"Tüm eğitim sisteminin esas amacı, çocuğa halkının ve ırkının diğer herkesten üstün olduğu inancını aşılamak olmalıdır."
Adolf Hitler
Modern öncesi dönemde yaygın olan imparatorluk, feodal beylik ya da krallık gibi iktidar biçimlerinin esas derdi, sahip olunan topraklar üzerinde egemenliği devam ettirmek ve mümkünse genişletmekti. O yüzden, sınırlar içindeki tebânın hayat biçimi, sağlığı veya eğitim durumu egemenleri çoğunlukla ilgilendirmezdi. Egemenlik için tehdit unsuru olabilecekleri ölümle tehdit etmek veya gerektiğinde öldürmekse genel temayüldü.
Modern durumdaysa, özellikle ulus-devletlerin inşasıyla beraber sınırlar büyük ölçüde belirginleştiğinden, egemenlerin odağı sınırları korumaktan ziyade sınır içindekileri denetlemek ve kontrol etmeye kaydı. Michel Foucault'nun "yönetimsellik" dediği bu rejimde nüfusun eğitimi, sağlığı, refahı, yani ülkenin kalkınması için daha verimli ve etkili kılınması esas amaç haline gelmiş oldu. Bu anlamda tek tek bedenlerin nasıl daha sağlıklı, üretken ve verimli hale getirileceğini düzenlemek, bu yeni iktidar biçiminin gayesi haline geldi. Böylelikle bastıran, yasaklayan, öldüren eski iktidar biçimlerinin aksine, sağlıklı, verimli, norma tabi olan bireyler üreten ve yaşatan; böylelikle etkin biçimde nüfusu denetleyen bir ilişkiler ve söylemler düzeni olarak ortaya çıktı.
"Yönetimsellik" olarak adlandırılan bu kavram, modern çağdaki tüm iktidar mekanizmalarına mündemiç ve birey üzerinden toplumu biçimlendiren "davranış yönetimi"ni sağlayan üretken iktidarın işleyişini anlatır. Foucault, bu kavramı "Özne ve İktidar" makalesinde şöyle açıklar:
"Yönetim" sadece siyasi yapılara veya devlet idaresindene işaret etmez; o daha ziyade yönetilecek bireylerin veya grupların davranış biçimlerini tasarlar –çocukların, şahısların, toplulukların, ailelerin, hastaların yönetilmesi. (...) Bu anlamda yönetmek başkaları için olası eylem alanını yapılandırmaktır."
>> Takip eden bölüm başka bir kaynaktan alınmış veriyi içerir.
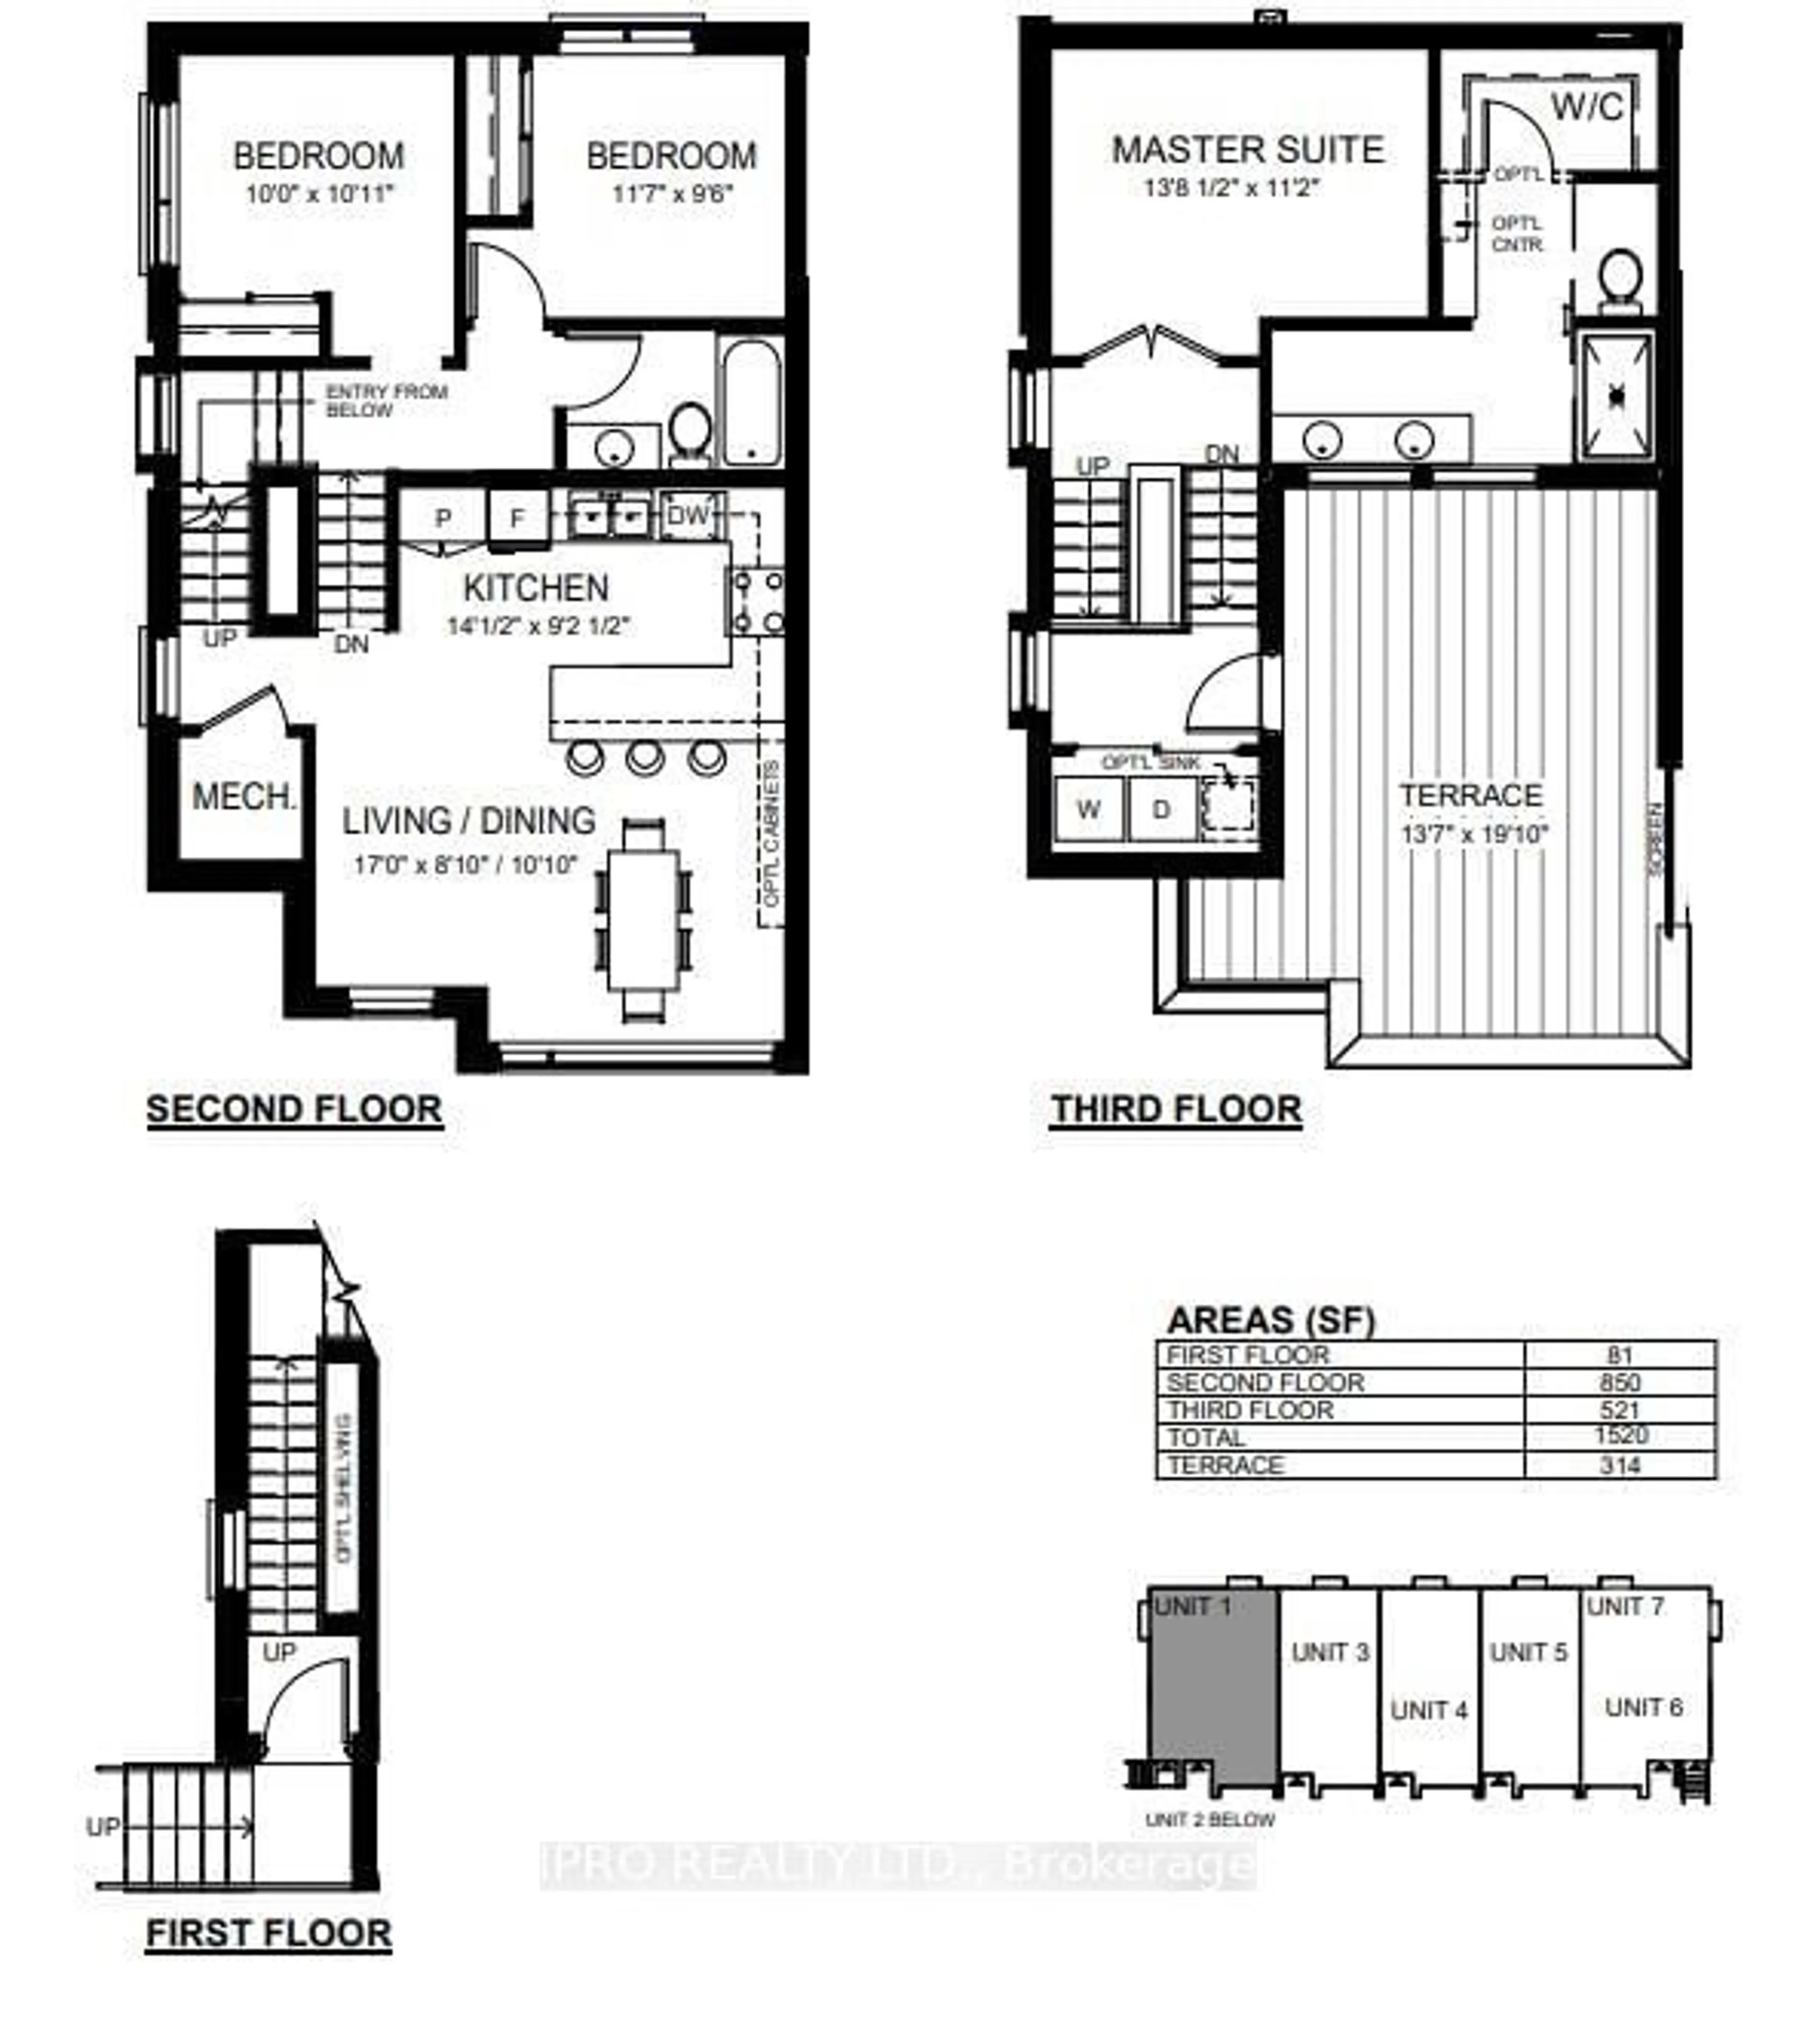 Floor plan for 183 Victoria St #1, Kitchener Ontario N2H 5C5

İktidar, öznelerinin tasavvurlarını ve hissiyatlarını kontrol ederek işler ve bunu hem bu tasavvur ve hissiyatın ifade ediliş tarzını tanımlayarak hem de mevzubahis tasavvur ve hissiyatı kendince benimseyip uygulayan özneleri üreterek yapar. "Milli eğitim" tanımına giren hemen her şey de bu uysal ve verimli özneleri üretmek için gerekli olan devletin ideolojik aygıtlarının başında gelir.
Bu minvalde hiçbir eğitim sistemi "masum" değildir. Hepsi taraflıdır ve bazı görüşleri ve hissiyatları benimseterek çocukları yetiştirmeyi hedef edinir. Ancak Cumhuriyet'in kuruluşundan bu yana ülkemizde sürdürülen eğitim sisteminin çağdaşımız olan demokratik ülkelerdeki en rejime angaje eğitim sistemi olduğunu söylemek mümkün. Çocukların askerî nizamda "andımız" denen ırkçı metni okumasıyla başlayan günleri, sınıfa gelen öğretmeni taburun bir parçası gibi selamlamakla, totaliter toplum anlayışı gereği tek tip üniformayla bir bütünün parçası olarak hissederek, ideolojik angajmanla yüklü ders kitaplarını okumakla devam eder.
Millî Güvenlik Dersi, bu bütünsel yapıdaki en önemli tuğlalardan birisiydi. Sonuçta bir askerin, sınıf tarafından âdeta tabur komutanı gibi "tekmil" verilerek karşılandığı, diğer derslerden farklı olarak tüm siyasî meselelerin açıkça ele alındığı ve Genelkurmay'ın bakış açısından anlatılıp benimsetildiği, vatandaşlık bilgisini bir ordu mensubunun öğrettiği en ideoloji yüklü dersten bahsediyoruz. Bu minvalde Millî Eğitim Bakanı Ömer Dinçer'in bu askerî uygulamanın kaldırılmasına yönelik girişimi takdire şayandır. Daha atılması gereken çok adım olsa da mevzubahis dersin pek çok kişinin öğrenim hayatındaki en travmatik anılarında imzası olduğunu bildiğimden Sayın Dinçer'i bu hayırlı icraatından ötürü naçizane tebrik ederim.